Source: Morningstar and

Today, investors have the chance to buy into some of the best closed-end funds at a discount to NAV averaging around 10.7%. These discounts are still low compared to the three-year average of 8.4% (a 2.3% advantage). The historical discounts have been distorted over the past two years due to the severity of the sell-off. Therefore, it is my opinion that NAV price recovery should be more significant.

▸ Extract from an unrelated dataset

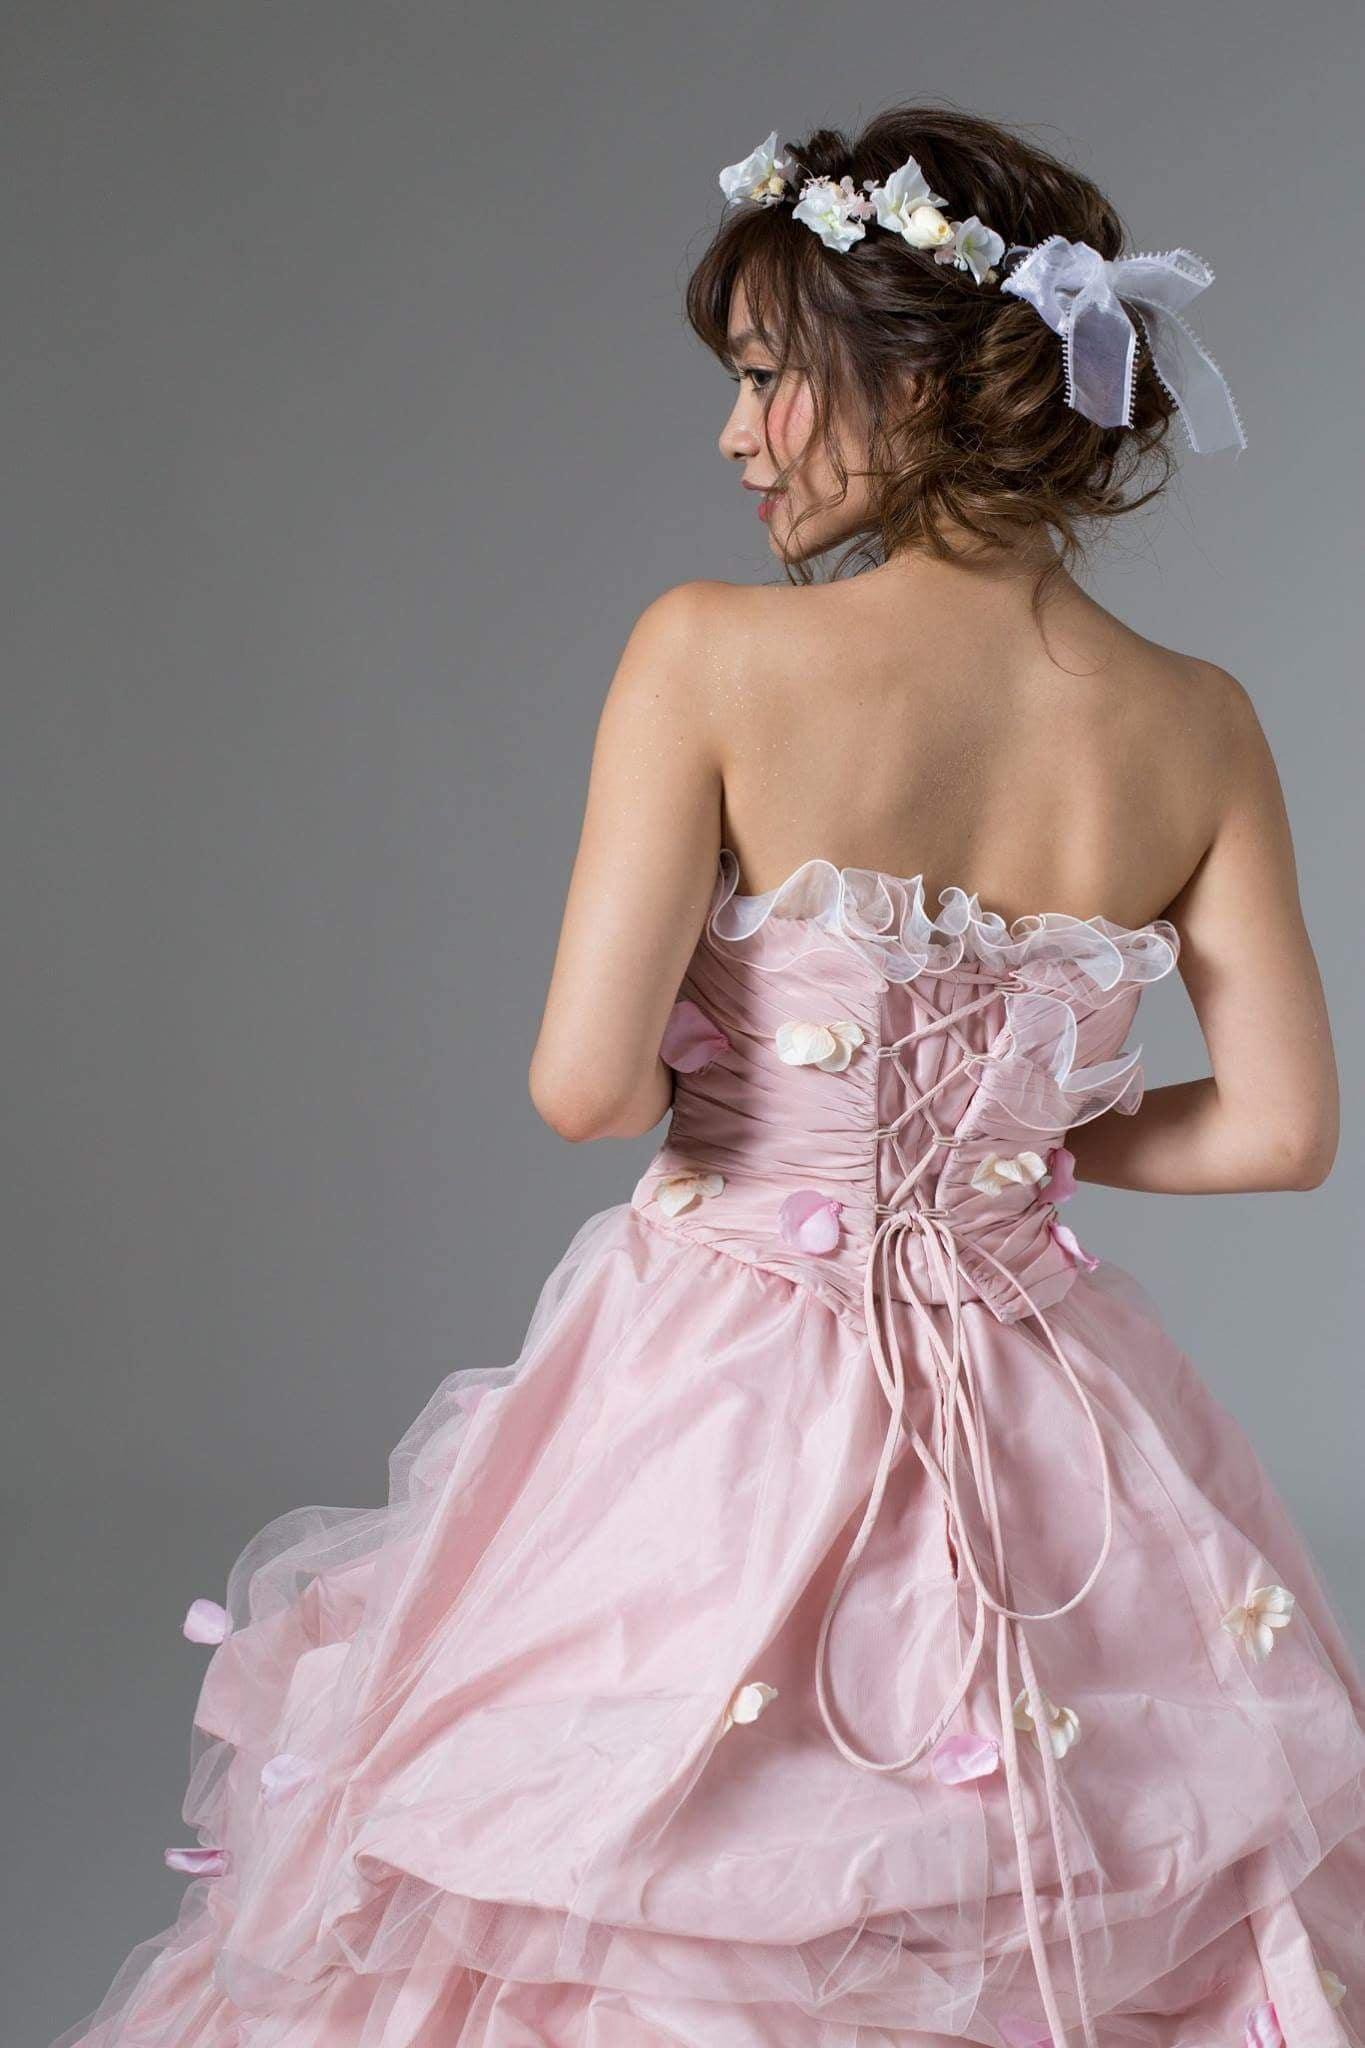 レンタルウエディングドレス(プリンセスピンクレディー)のイメージその5

CEFL: A Leveraged Closed-End Product With a 20% Yield

Income investors with a higher risk tolerance and want exposure to closed-end funds might want to consider the leveraged product UBS ETRACS Monthly Pay 2xLvg Closed-End ETN (NYSEARCA:CEFL). CEFL is a leveraged 2X exchange-traded note ETN, and is designed to generate roughly double the yield of the YYY and twice the return in price, but investors are taking twice the exposure and risk. The ETN is issued by the Swiss banking giant UBS Bank, and has a variable distribution yield that is currently stated at 20%. Its dividends are paid on a monthly basis to noteholders.

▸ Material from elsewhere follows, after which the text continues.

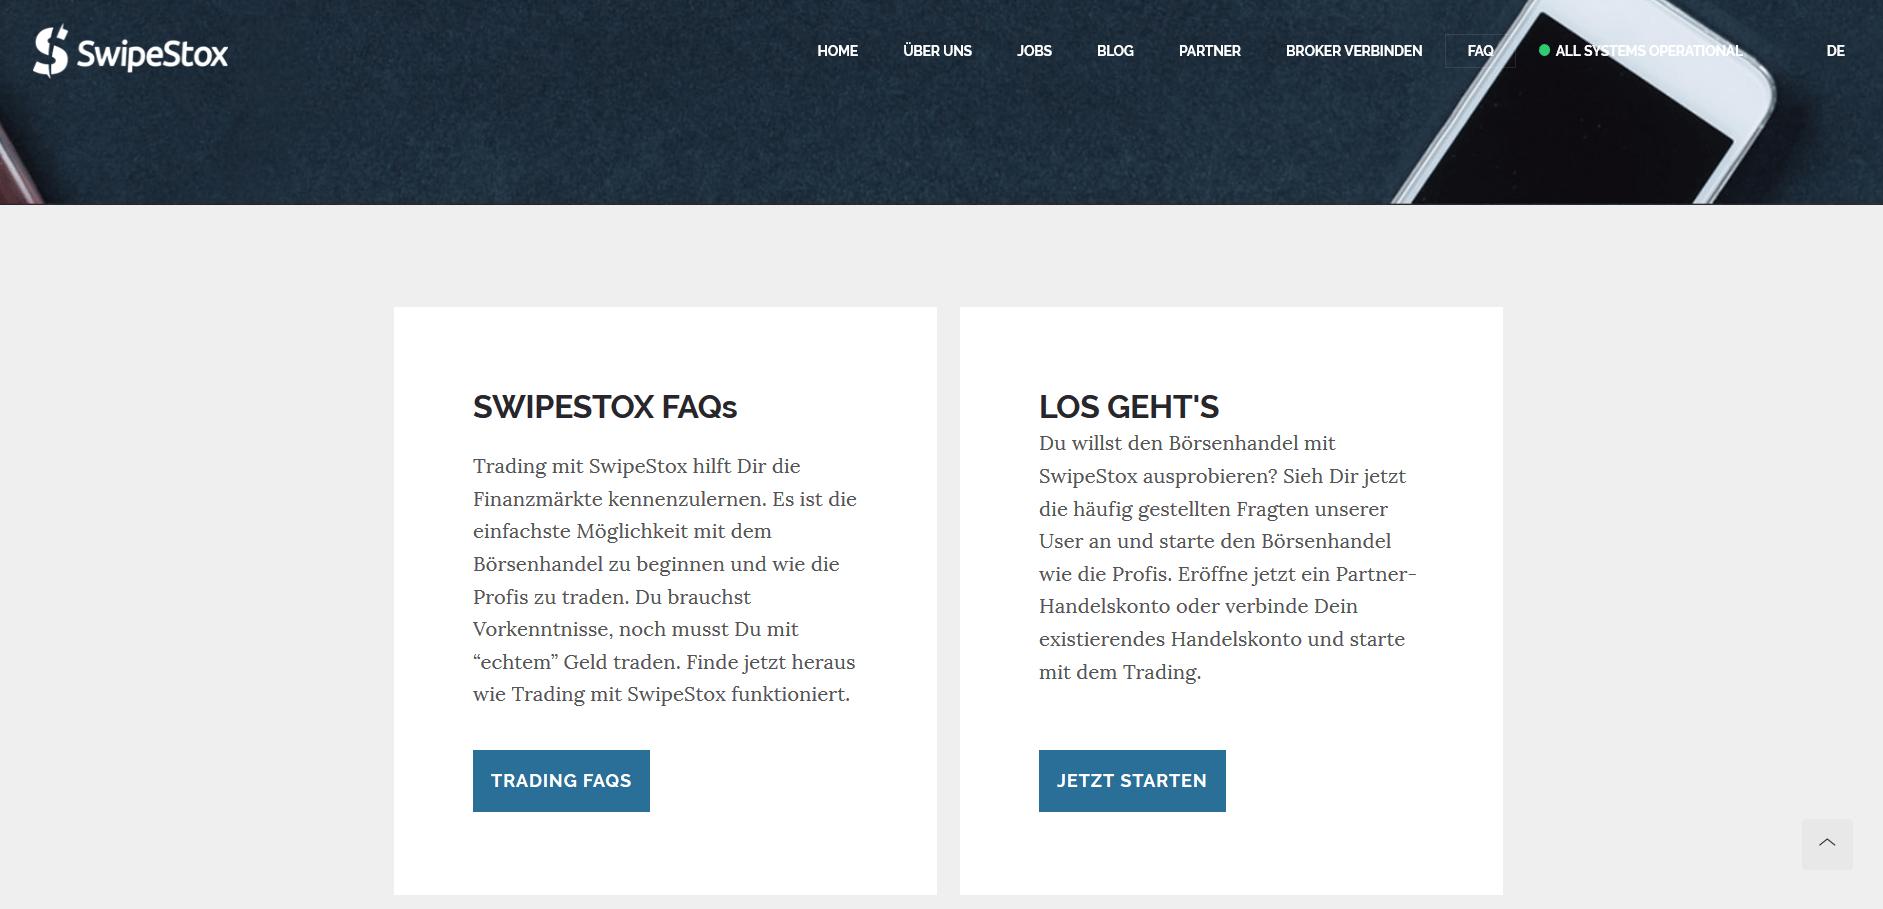 Die FAQ von SwipeStox

Long-term investors should note that most UBS leveraged securities have an inherent flaw that stems from the fact that they are reset on a monthly basis. This means that they are set in a way that is likely to outperform their underlying assets during market rallies, but at the same time they will underperform their underlying assets during market downturns. The key here is timing. Since I expect YYY to do well in the foreseeable future, I believe that the timing for investing in CEFL is right. Investing in CEFL today should provide investors, in addition to hefty distribution yield of 20%, some price stability and hopefully some capital gains. I am currently long CEFL in my high-dividend portfolio.

Note: This product may not be suitable to many investors due to its higher risk nature (please refer to my footnote below).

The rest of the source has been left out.